DATA BELOW:
------------------------------------------------

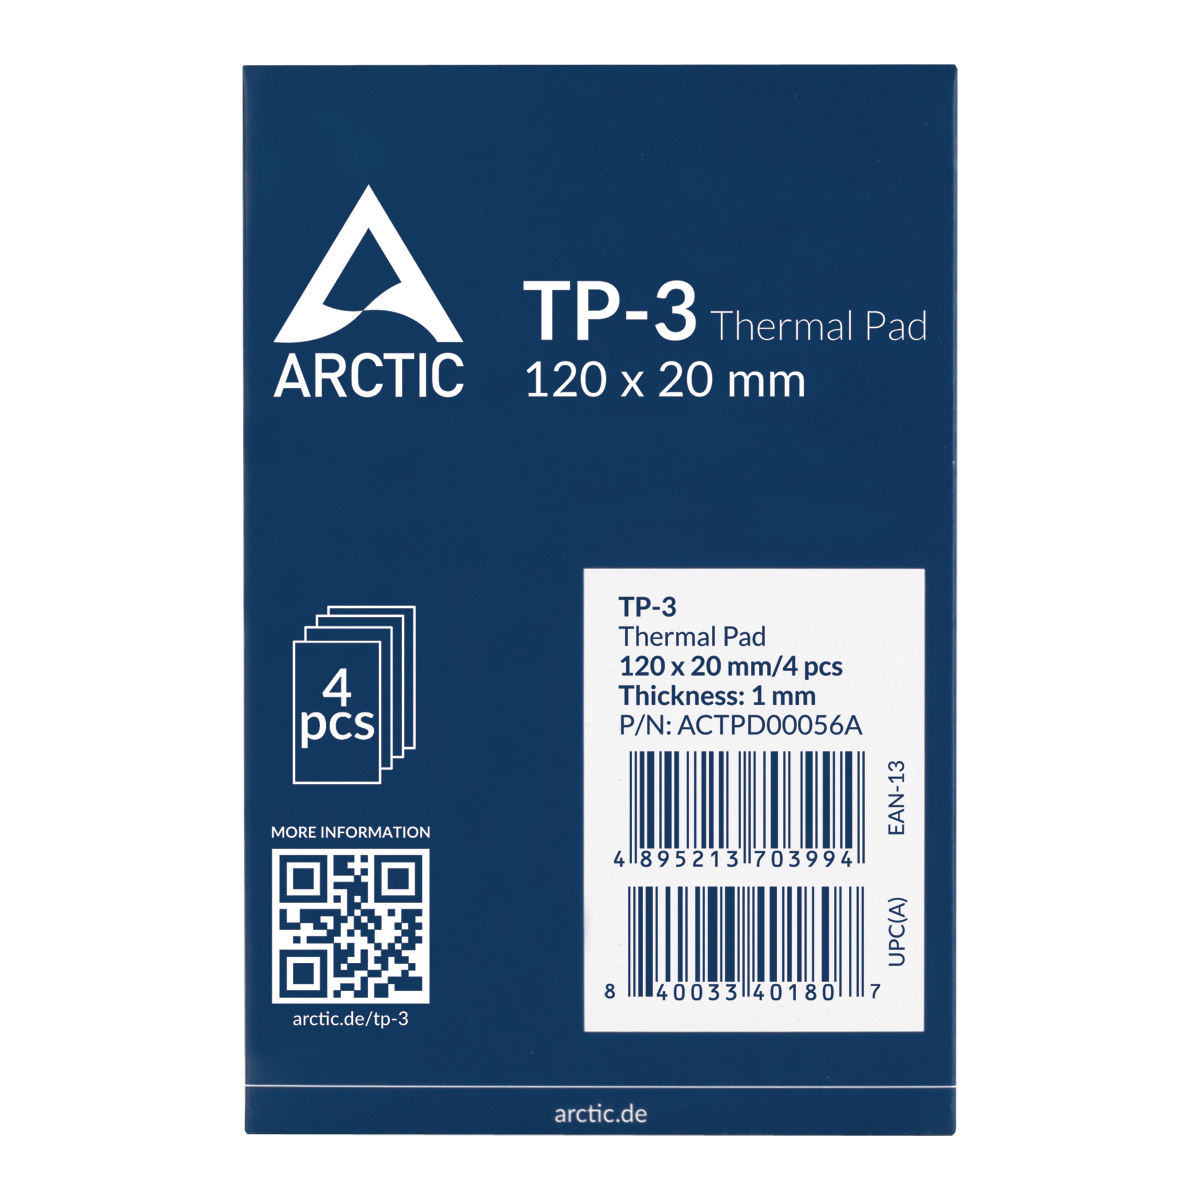 TP-3_120x20mm_1mm_Packaging
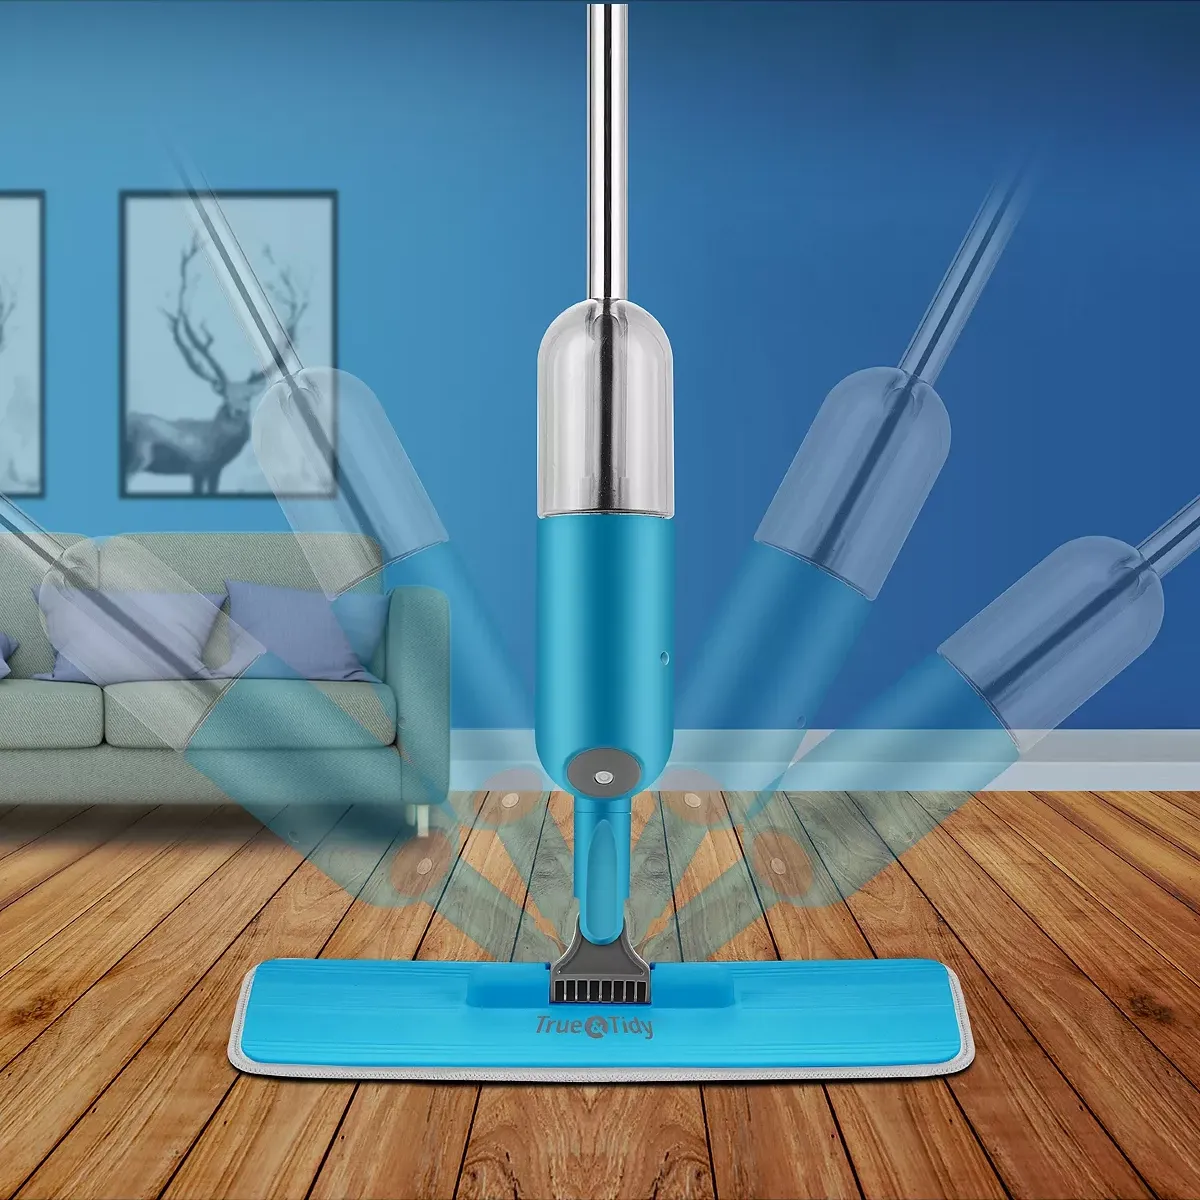 A blue and silver steam mop with a microfiber pad on a wooden floor, portrayed with motion to indicate its use.
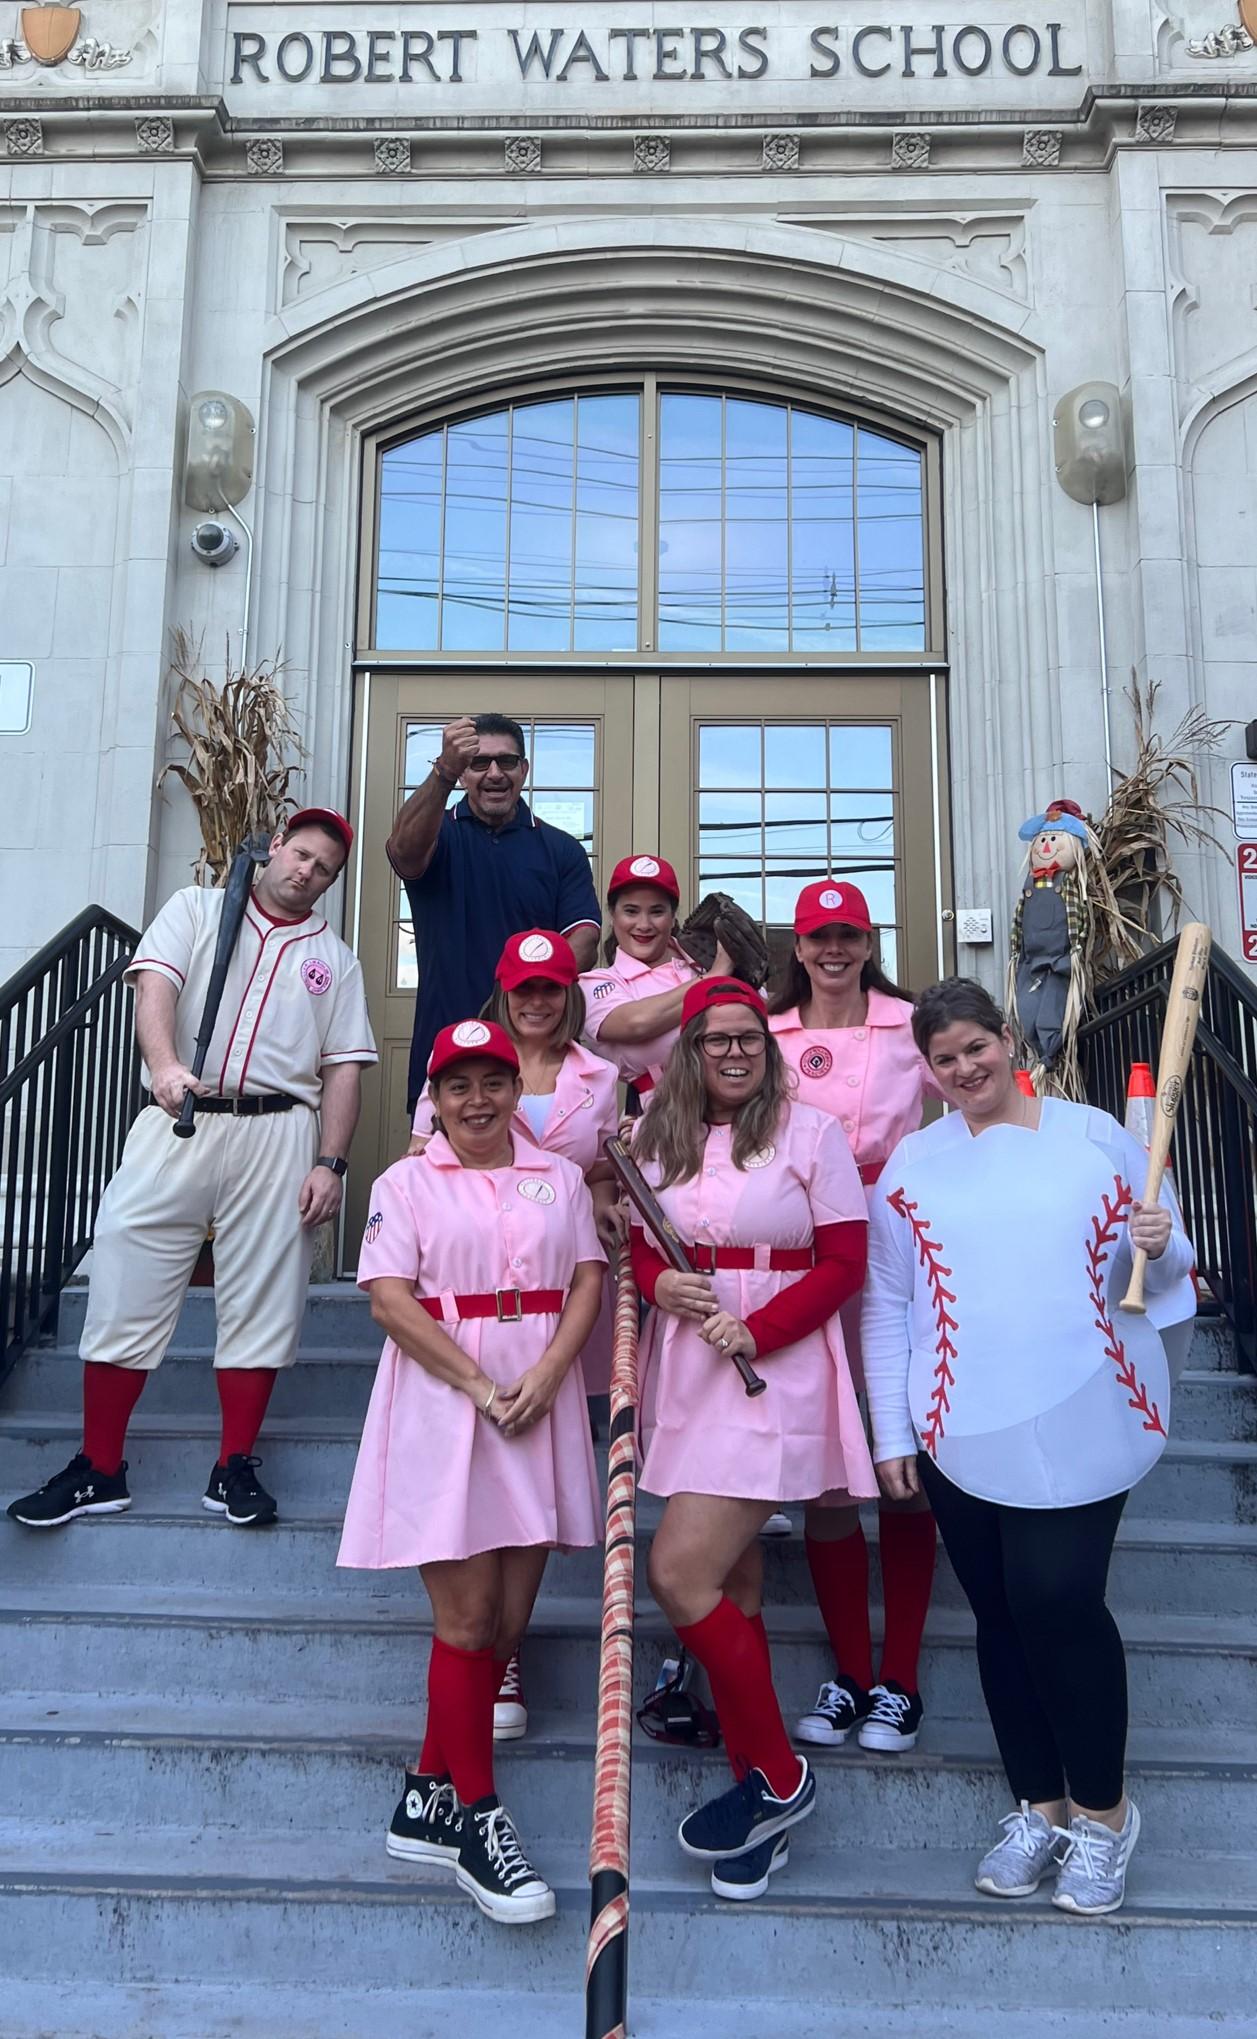 A League of their Own at the Robert Waters School

------------------------------------------------

Pictures are to be dropped, and the remaining data set down exactly.

 TP-3_120x20mm_1mm_Packaging
 A blue and silver steam mop with a microfiber pad on a wooden floor, portrayed with motion to indicate its use.
 A League of their Own at the Robert Waters School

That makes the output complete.